Henry's Law and Solubility
Henry's Law describes the relationship between the partial pressure of a gas and its solubility in a liquid solvent. It is crucial for understanding gas-liquid systems where the pressure-solubility proportionality constant (Henry's constant) plays a pivotal role in numerical calculations.
- P = K_H * x
- K_H values increase with temperature, decreasing gas solubility
- Used extensively in deep-sea diving calculations (scuba tanks)
- Applicable only to sparingly soluble gases in ideal solutions
Raoult's Law for Volatile Solutions
Raoult's Law defines the relationship between the partial vapor pressure of a component and its mole fraction in an ideal binary solution.

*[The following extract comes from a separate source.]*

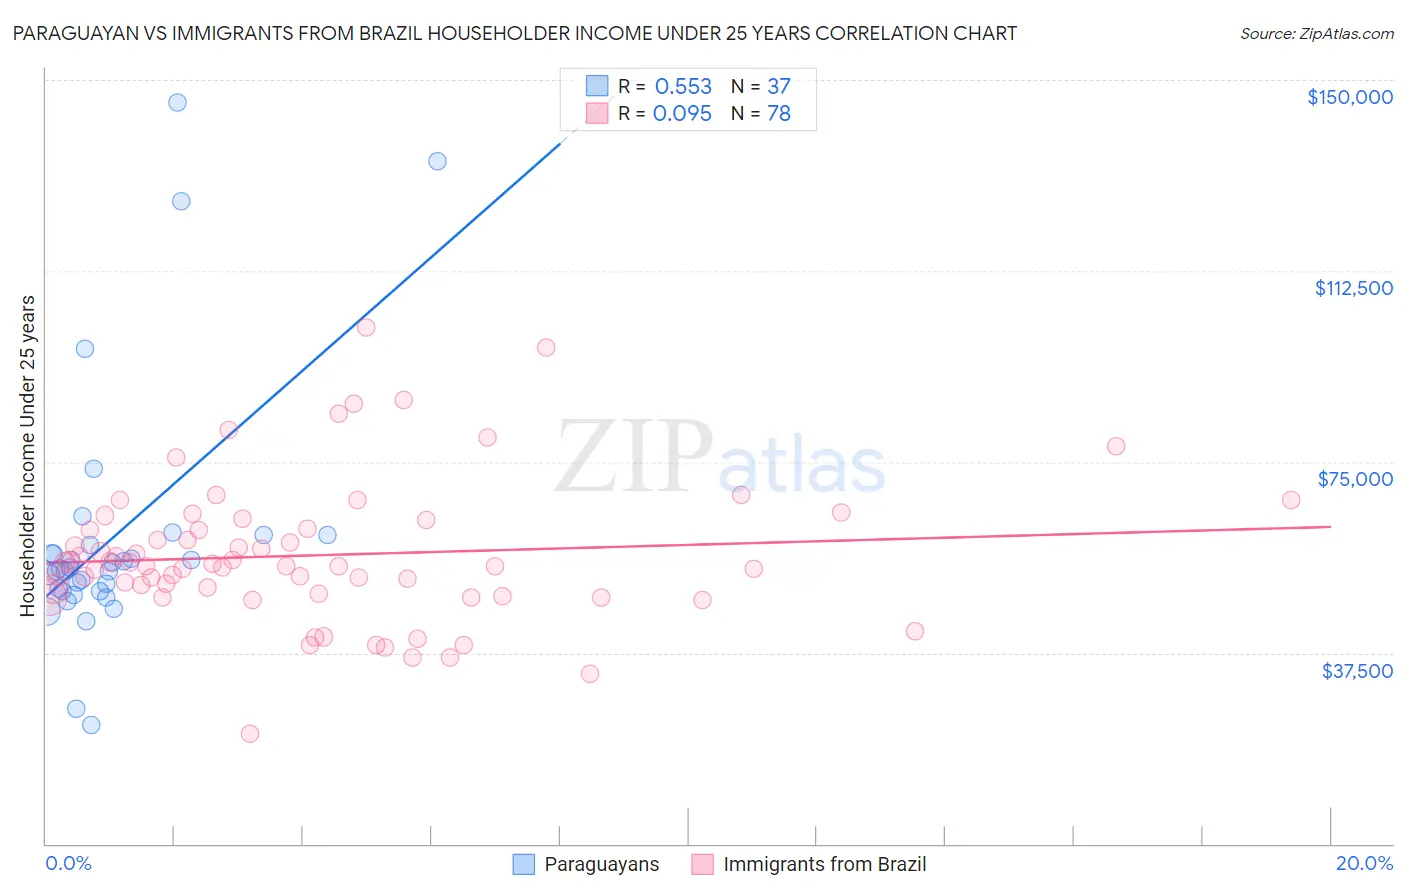 Paraguayan vs Immigrants from Brazil Householder Income Under 25 years
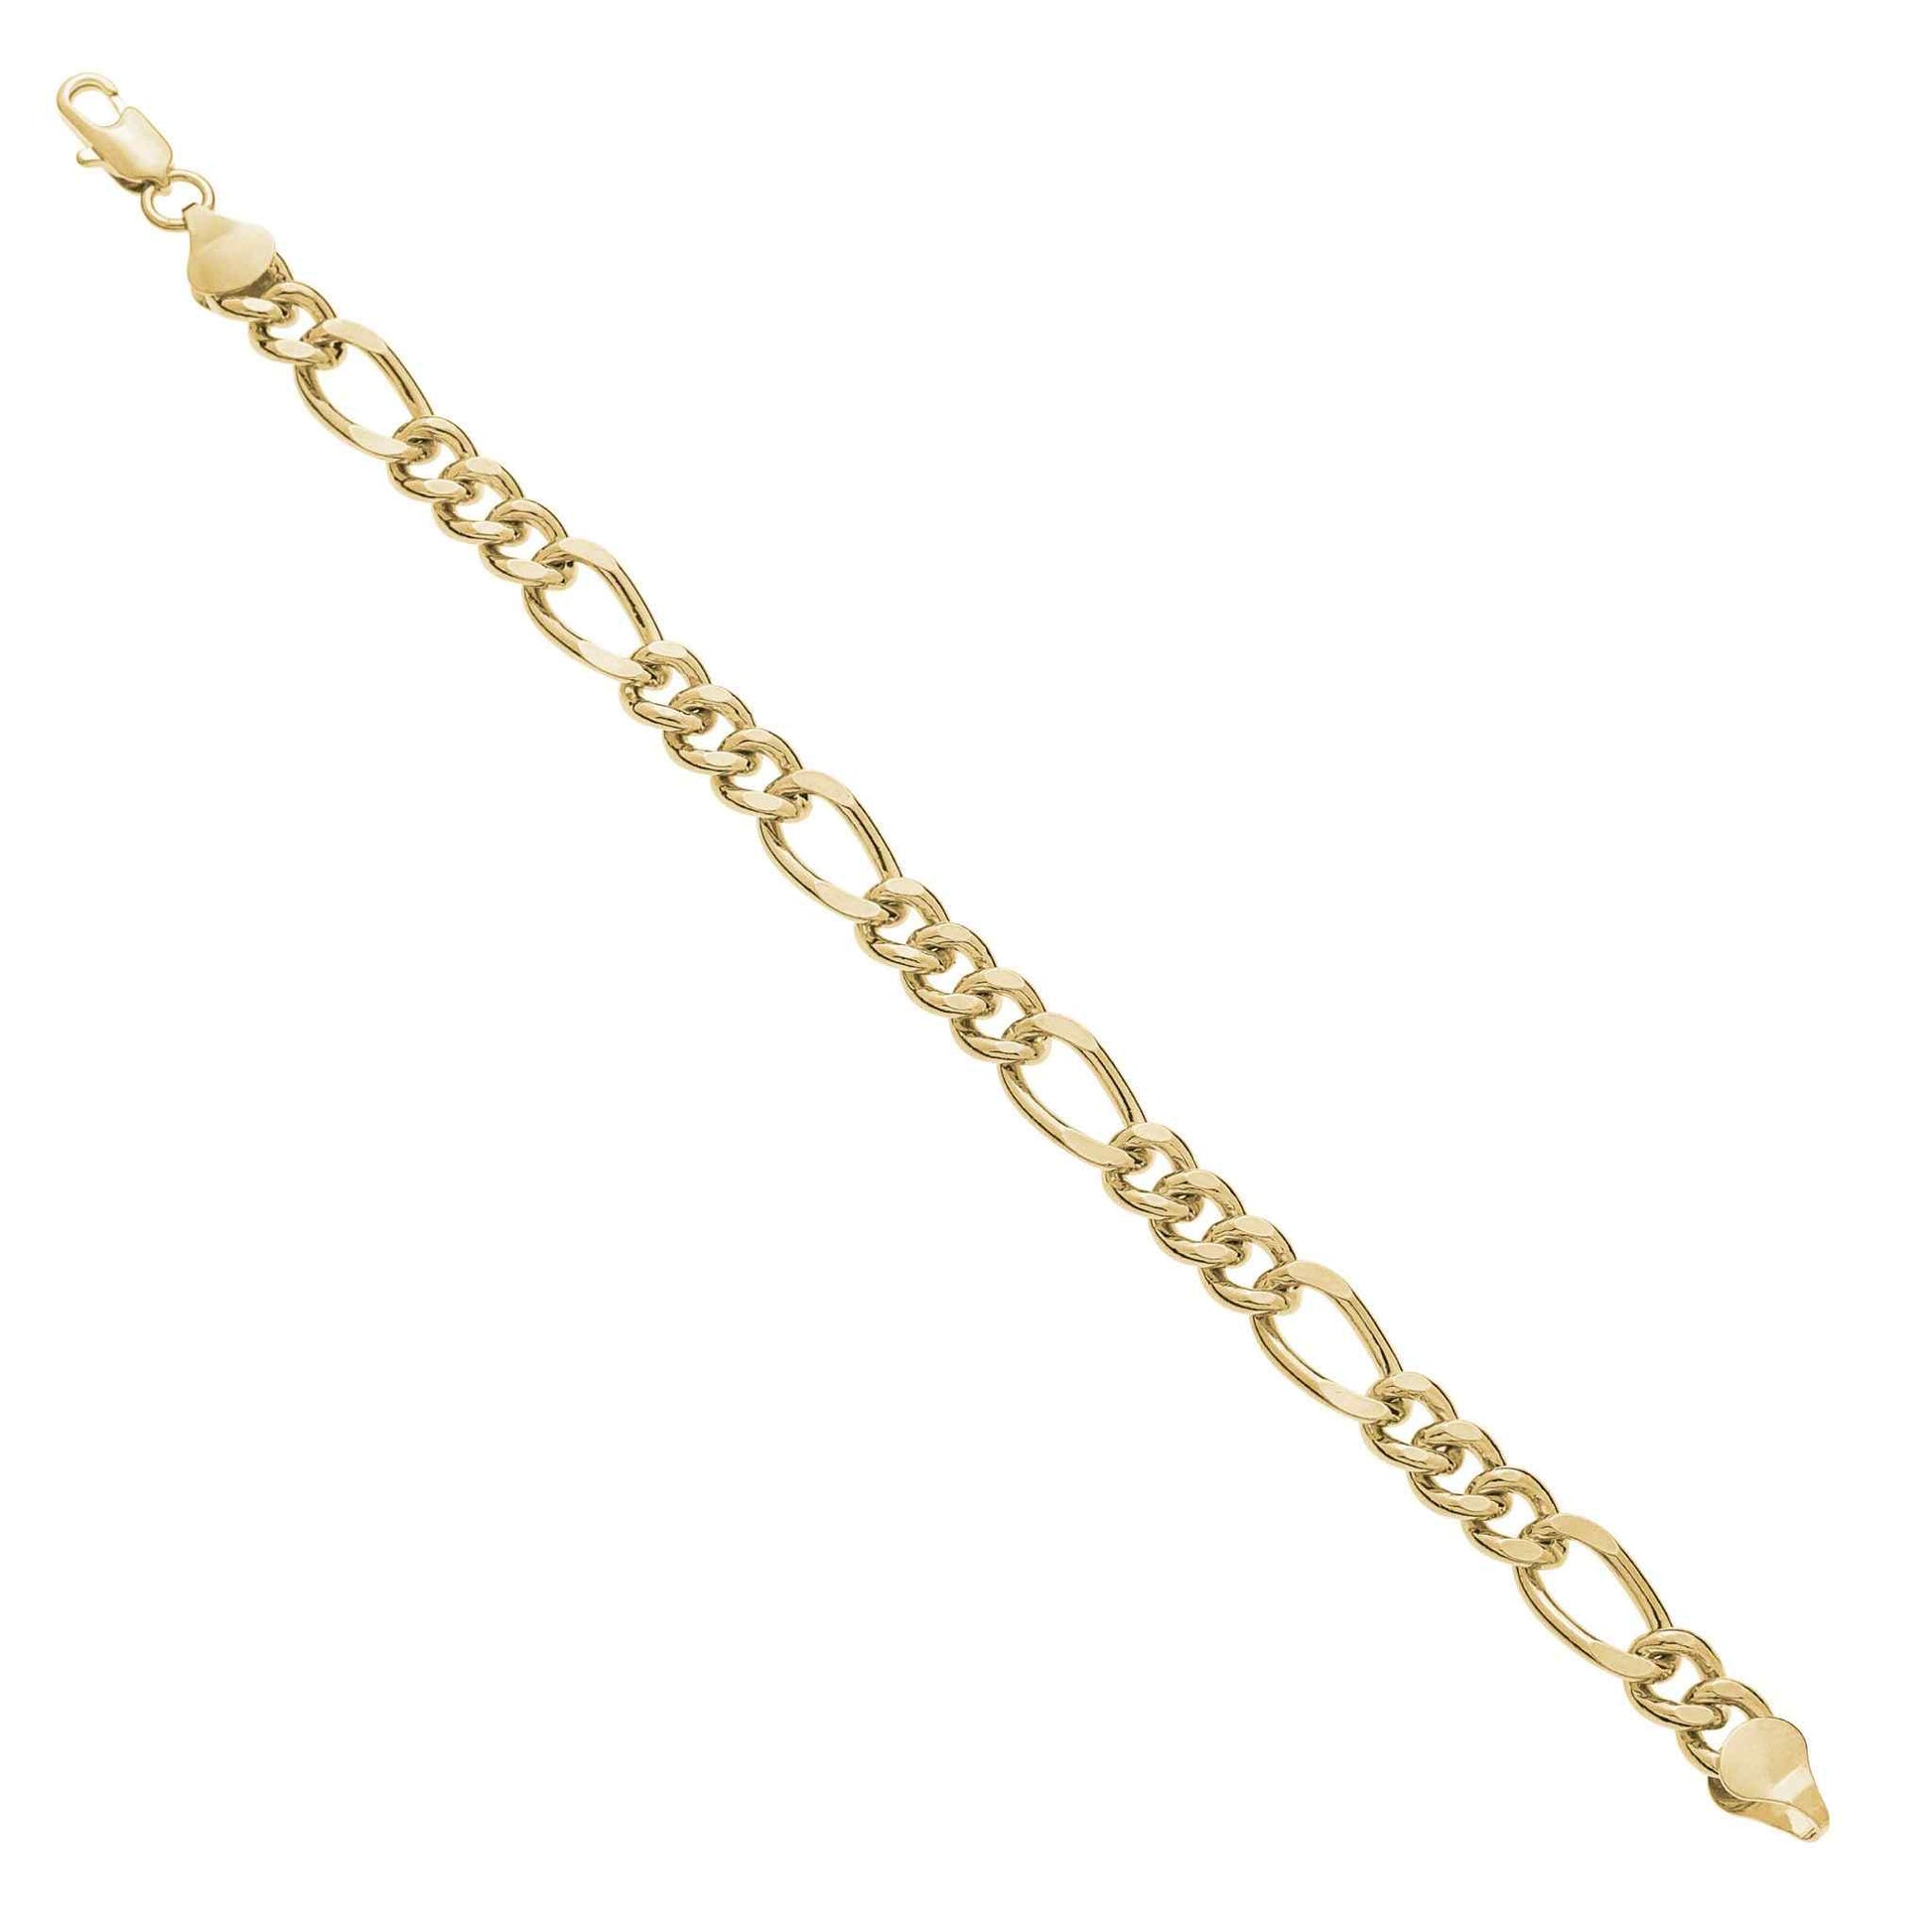 A 8.5" 7mm figaro chain bracelet displayed on a neutral white background.

This serves as the benchmark for identifying ideal solutions and understanding deviations that result in azeotropes.
- P_total = P_a + P_b = x_a*P_a° + x_b*P_b°
- Ideal solutions follow Delta_H_mix = 0 and Delta_V_mix = 0
- Positive deviation: P_obs > P_calc (e.g., Ethanol + Acetone)
- Negative deviation: P_obs < P_calc (e.g., Chloroform + Acetone)
Colligative Properties
These properties depend solely on the number of solute particles, not their identity, making them essential for determining the molar mass of unknowns. Mastering these four properties is the primary source of numerical questions in entrance examinations.
- Relative lowering of vapor pressure: (P_a° - P_s)/P_a° = n_solute/n_solvent
- Elevation in boiling point: Delta_T_b = K_b * m
- Depression in freezing point: Delta_T_f = K_f * m
- Osmotic pressure: pi = i * C * R * T
Van't Hoff Factor
The Van't Hoff factor (i) is the correction factor for solutions where the solute undergoes association or dissociation. It is the bridge between theoretical colligative properties and observed experimental values.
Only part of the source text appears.